Prima au Chalet du Mont d’Arbois
« Megève : la confirmation de Nicolas Hensinger »
On vous en a parlé très tôt: la table et son chef se confirment dans la qualité, jouant le jeu d’une Savoie rajeunie, d’un classicisme fort bien maîtrisé, d’un esthétisme jamais pris en défaut, avec le sens des assaisonnements précis, des assiettes jolies et bonnes, au gré du moment et de la saison. La table ? Celle du Chalet du Mont d’Arbois, qui fait sa mue, se fond dans le domaine du même nom, appartenant au groupe Rothschild, désormais géré sous le label Four Seasons.
Prima ? C’est le petit Poucet du lot, avec sa table cosy, ses recoins, ses fresques, sa vue sur le dehors, dans un cadre de chalet néo-autrichien, à la française. Nadine de Rothschild, comme auparavant la baronne Néomie, avait donné le ton du lieu. L’esprit de jadis perdure, dans les élégances bourgeoises du cadre, du service, de la cuisine fort joliment bourgeoise.
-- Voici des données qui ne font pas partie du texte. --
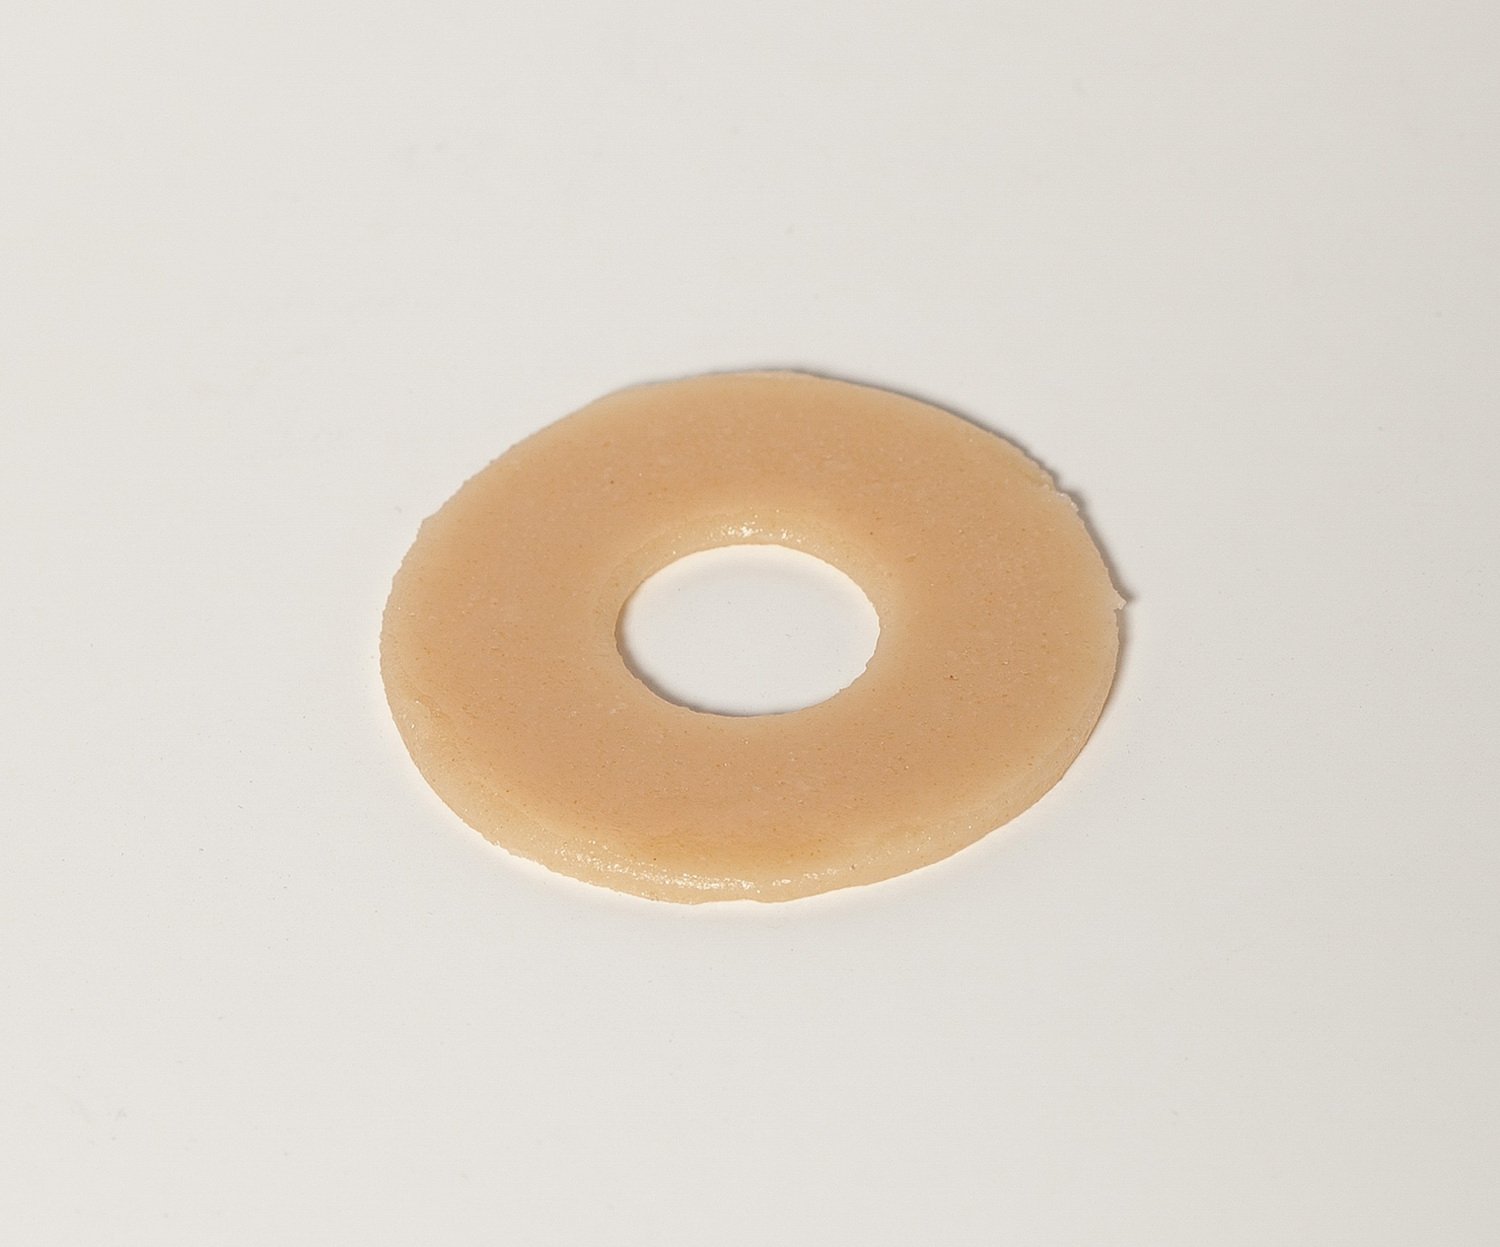 Skin Barrier Ring Entrust™ FortaGuard Moldable, Extended Wear Adhesive without Tape Without Flange Universal System 4 Inch Diameter

Aux commandes des fourneaux, le jeune Nicolas Hensinger, natif de Colmar, formé au Schoenenbourg à Riquewihr, passé chez Nasti à Kaysersberg au Chambard, puis deux ans au Meurice avec Alléno, enfin, quatre ans à l’hôtel de ville de Crissier sous l’égide du génial Benoît Violier.
Sa trajectoire évoque, évidemment, celle de son aîné et compagnon de route, le deux étoiles du 1920, au Four Seasons, Julien Gatillon. Nicolas instille là une partition qui n’est pas indigne de son désormais illustre voisin: poireaux bleus d’hiver grillés en vinaigrette, pommes de terre et truffes, omble chevalier en chaud-froid cuit façon gravlax, cresson, citron confit, jeunes pousses acidulées ou encore jaune d’œuf de poule fermier à la truffe avec ses cardons lyonnais et sa baguette façon mouillettes donnent une idée fort sérieuse de ce qui se trame ici.
Les écrevisses cuites en court-bouillon en deux services (les premières en salpicon, nage comme une anglaise à la crème de tête, les autres étuvée au chou rave façon thaï avec crème Nantua) jouent les morceaux de bravoure, comme le très joli tronçon de sole plaqué au verjus, endives rafraîchies à l’orange avec oxalis. On passe sur les beaux instants carnassiers de la maison (poitrine de veau braisée et farcement, volaille à la cheminée, agneau de lait et primeurs comme un navarin).
Mais on ne fait pas l’impasse sur les fromages cuisinés, comme cette fausse raclette à l’abondance et truffe melanosporum. Les desserts, signés du frère de Nicolas, Romain, passé, lui, chez Haeberlin, au Cortile à Mulhouse et aux Cépages à Thoiry, valent de l’or, comme cette émulsion à la bière du Mont-Blanc, plus sorbet ananas et reine des prés ou le déjà classique Mont Blanc devenu « Mont d’Arbois », avec sa glace à la crème double, poire conférence, marrons, meringue et églantine.
Un mot encore sur l’immense carte des vins, dont on tire la modeste roussette de Savoie de Fabien Trosset, témoignant d’une belle fraîcheur, et le séducteur rioja Macan signé des domaines Edmond de Rothschild. La bonne affaire du lieu? Le menu de midi à 49 €. Qu’on se le dise!